### TASK
Your answer must be an exact copy of the listing that follows, with all pictures omitted.

### DATA BLOCK
---

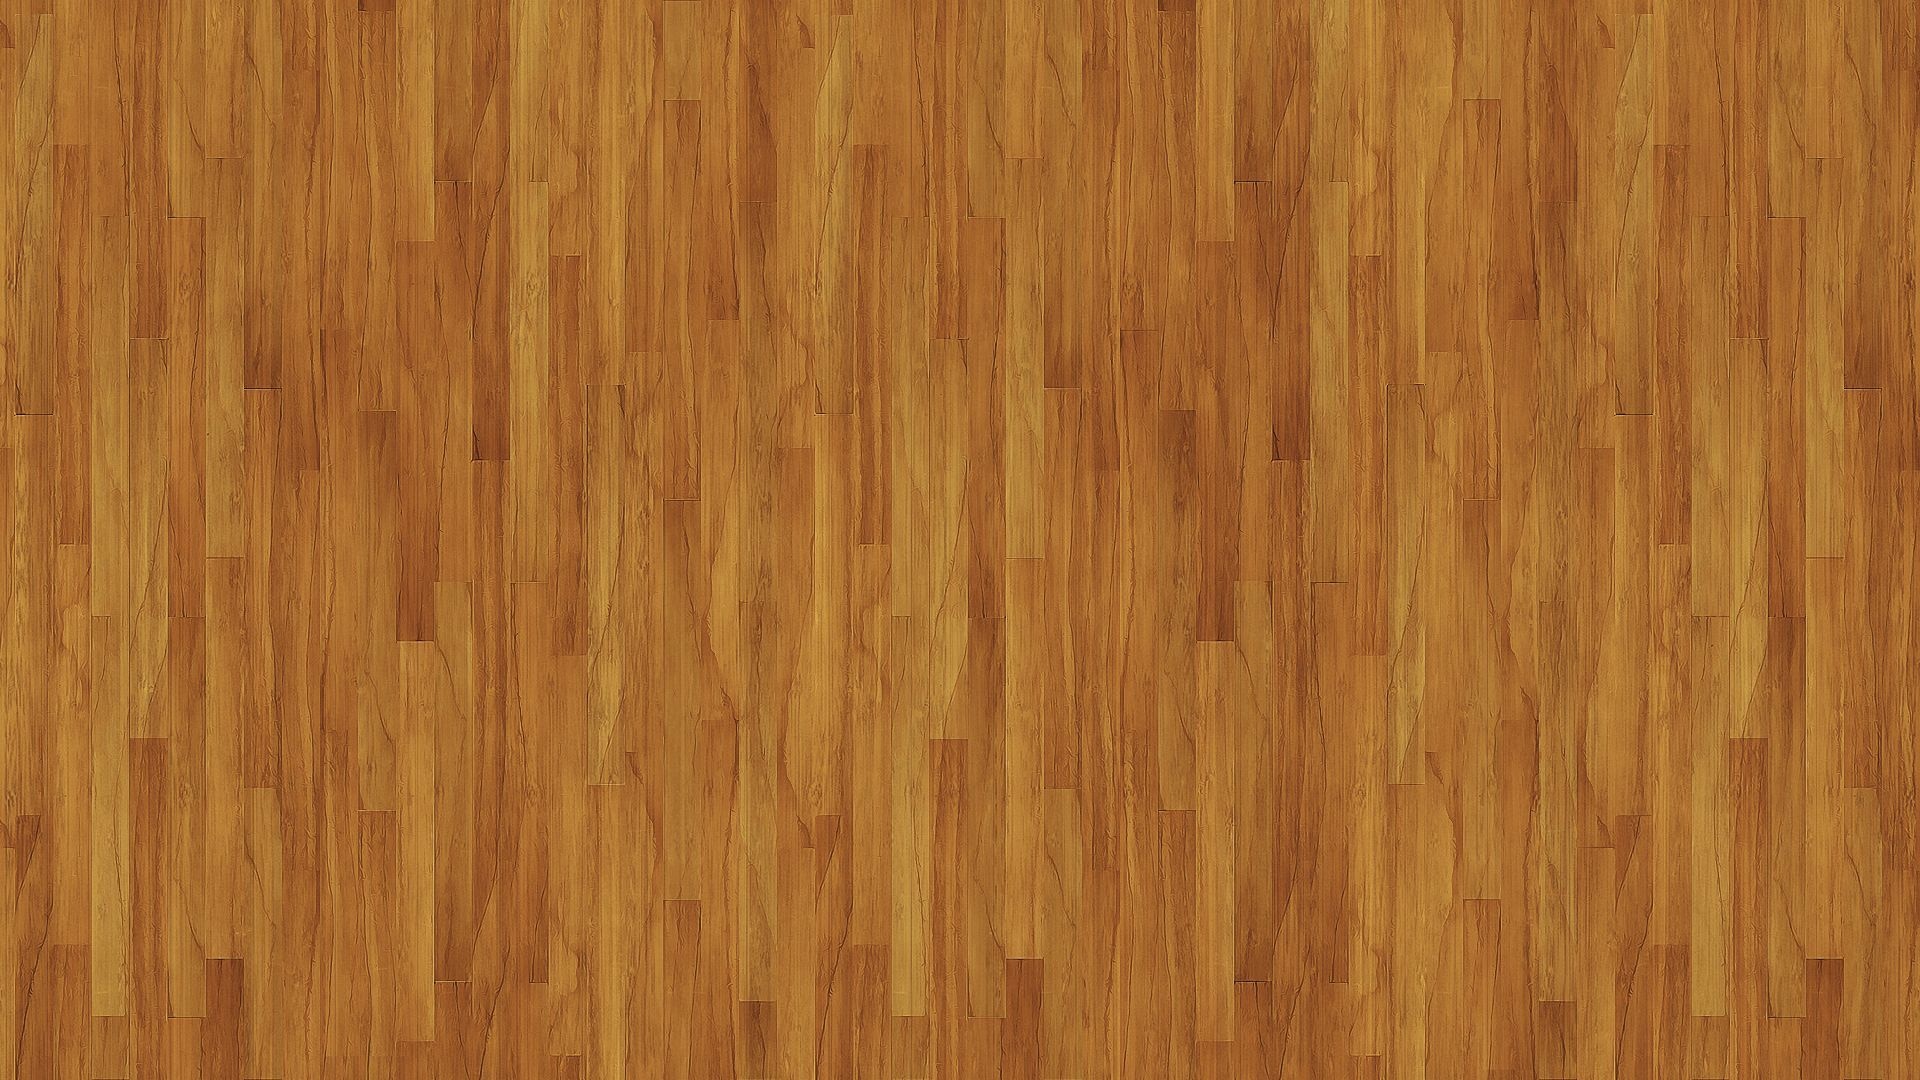 Hardwood Floor, Wood floor texture, Home interior, Flooring inspiration, 1920x1080 Full HD Desktop
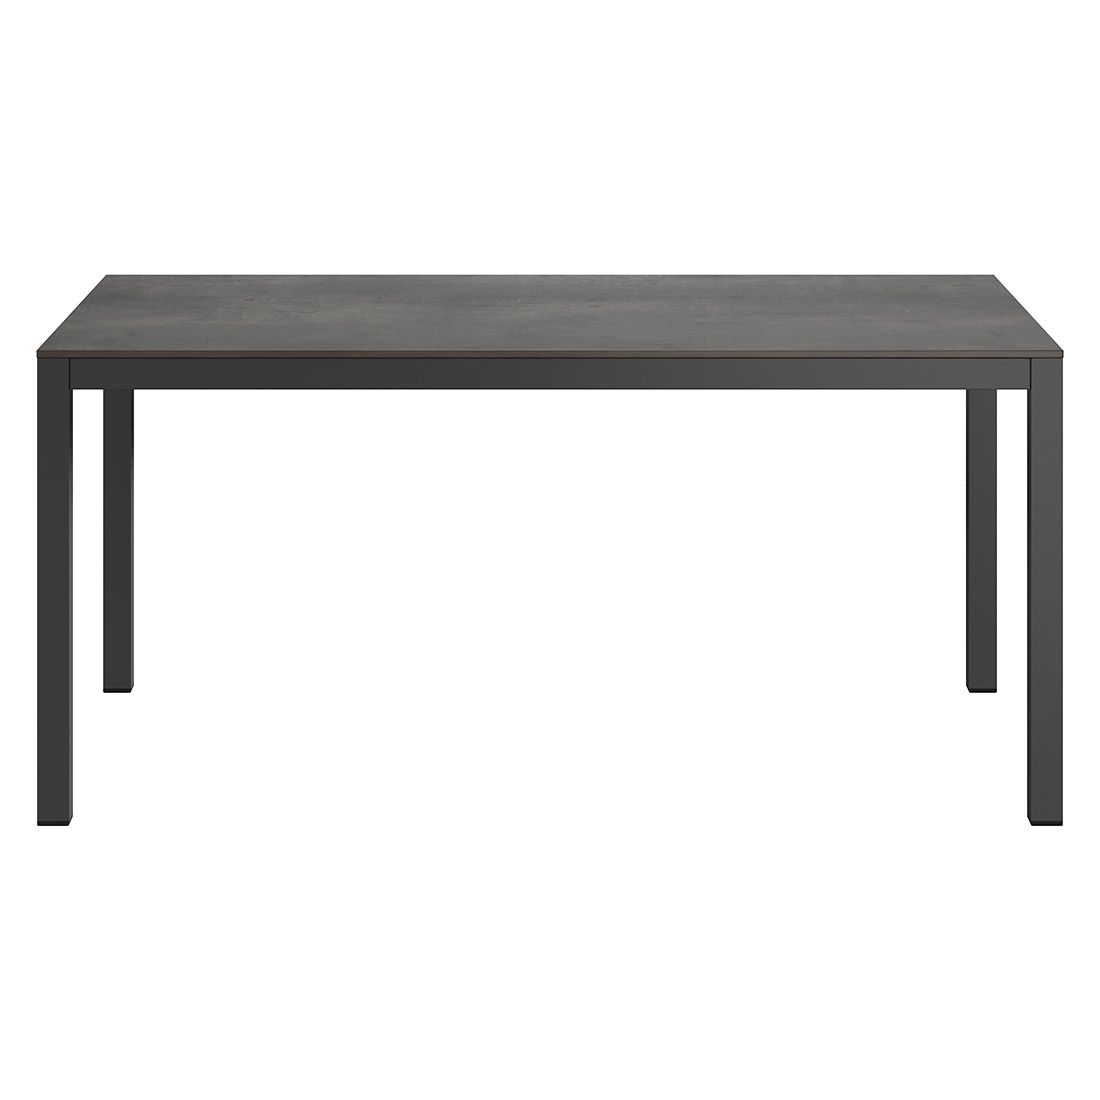 MWH Elements Gartenmöbel-Set 5-tlg. mit Tisch 160x90cm
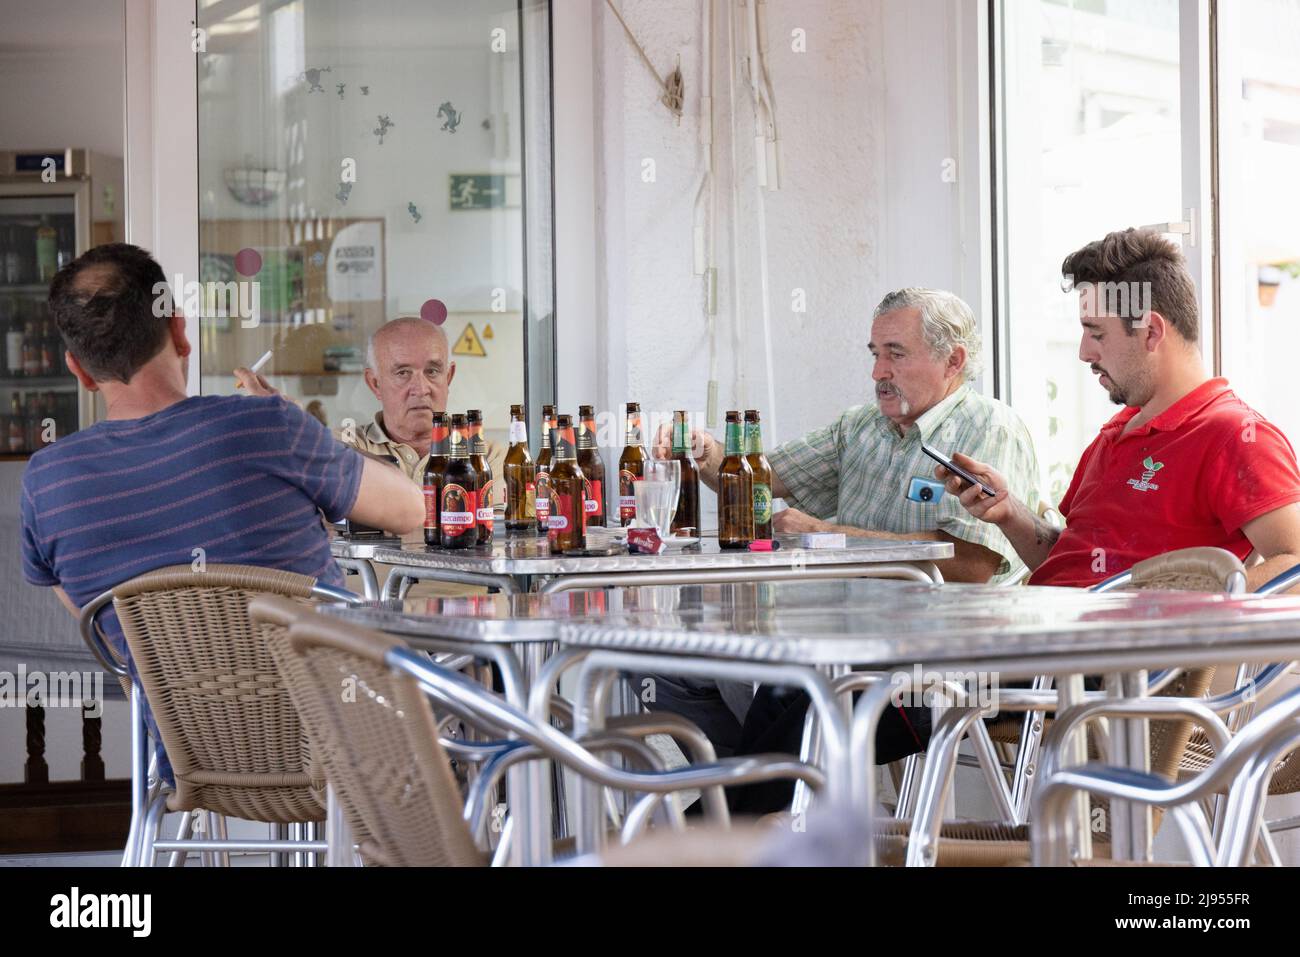 Style de vie espagnol; Un groupe d'hommes d'âge moyen assis à une table de boire de la bière dans un bar pendant la journée, Andalousie, Espagne, Europe Banque D'Images

---

### RESPONSE TO THIS EXERCISE
 Hardwood Floor, Wood floor texture, Home interior, Flooring inspiration, 1920x1080 Full HD Desktop
 MWH Elements Gartenmöbel-Set 5-tlg. mit Tisch 160x90cm
 Style de vie espagnol; Un groupe d'hommes d'âge moyen assis à une table de boire de la bière dans un bar pendant la journée, Andalousie, Espagne, Europe Banque D'Images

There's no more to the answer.